Intel Capital adds Israel's SCKipio, Parallel Machines to portfolio

Intel Capital, which is set to surpass out a half-billion dollars of investment through the end of the year, said that Tuesday's announcements brought its total investments in Israel to $300 million.

Investment graph (photo credit: INGIMAGE / ASAP)
Investment graph
(photo credit: INGIMAGE / ASAP)
SAN DIEGO – Intel Capital on Tuesday announced 11 new portfolio companies, including two Israeli companies, at the chipmaker’s venture capital fund’s global summit.
The first, Ramat Gan-based SCKipio, was among 10 companies that received $22 million of investment.
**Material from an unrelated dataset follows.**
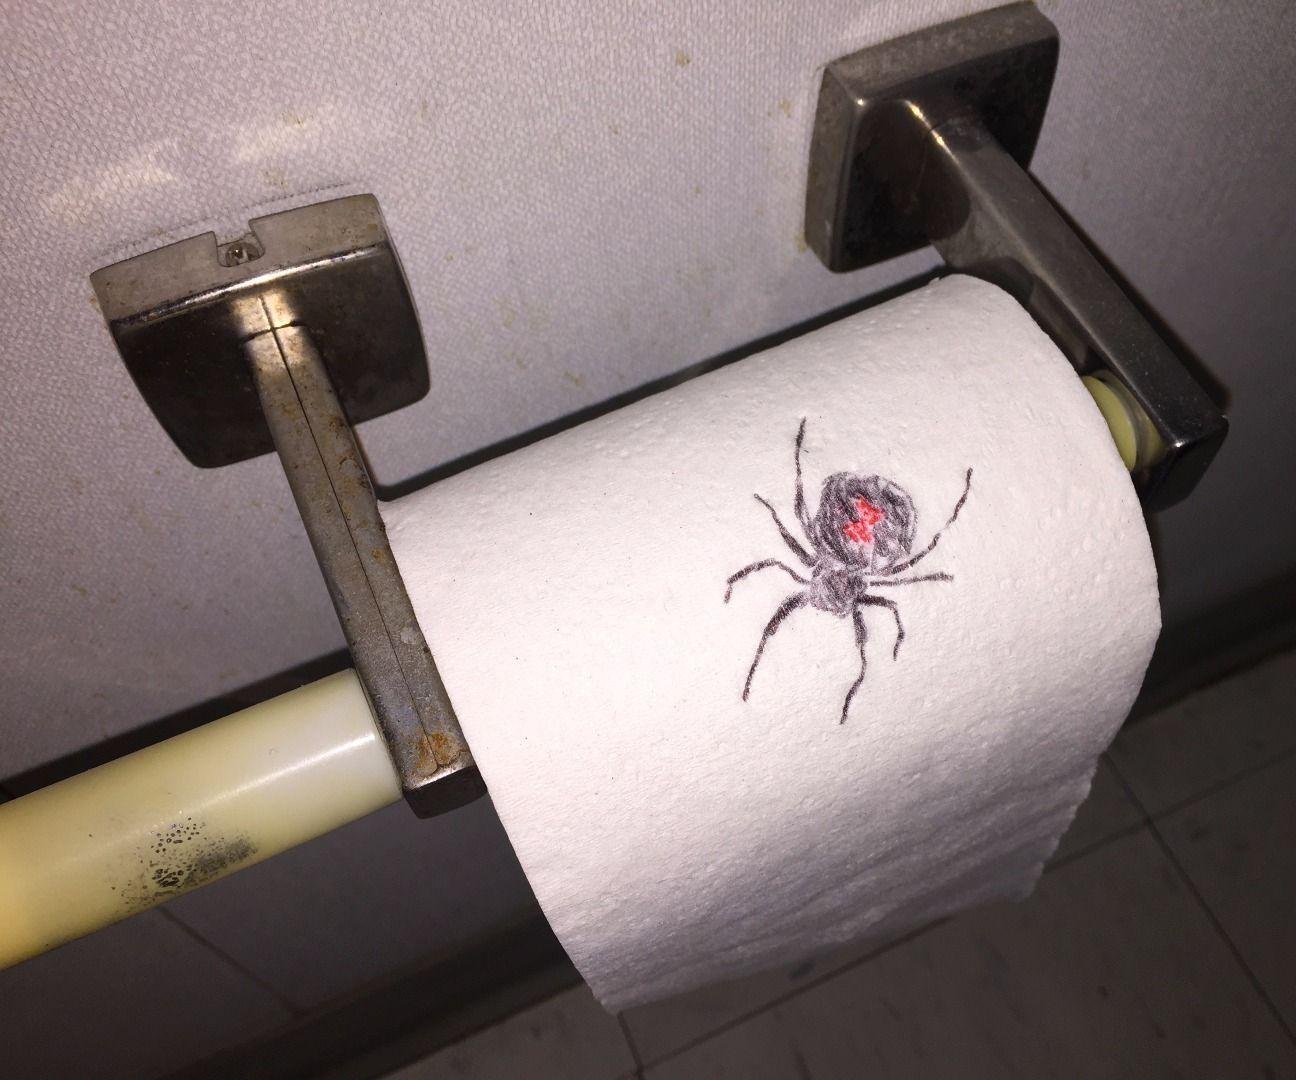 Drawn spider toilet paper #10

The company builds for G.Fast modems, which allows telecommunication companies to send huge amounts of data over existing infrastructure.
“At SCKipio we are counting on having billions of devices out there, because what we do is connect those devices to the cloud, to the network,” said SCKipio CEO David Baum.
Those devices are increasingly focused on sending and receiving huge media files.
“We hope to solve this bottleneck in the future.”
The second company, Tel Aviv-based Parallel Machines, gave Intel Capital warrants that allow it to invest in the company at a later date. Parallel machines focuses advancing predictive analytics and machine learning.
“It’s a transformative technology,” said Parallel Machines CTO Balint Fleischer.
The platform, he said, would help data scientists be more productive and help make a variety of technologies more precise.
Intel Capital, which is set to surpass half-a-billion dollars of investment through the end of the year, said that Tuesday’s announcements brought its total investments in Israel to $300m. in 75 companies, plus 11 acquisitions in the past decade.
“Israel is an incredible country, there’s so much technology that comes out of that country, it’s impressive,” said Marcos Battisti, Intel Capital’s managing director of Western Europe and Israel.
Aside from financial returns, Battisti says the company picks investments that further the ecosystem Intel operates in.
Intel Capital’s other investments included Prieto Battery, which is developing 3D batteries that could come in a variety of shapes; LISNR, which lets devices communicate using audio at level that humans cannot hear; and FreedomPop, which is creating a free alternative to traditional telecoms.
According to Battisti, Israel’s ecosystem is one of the best.
“If we compare Israel to any country in Western Europe, Israel is ahead,” he said.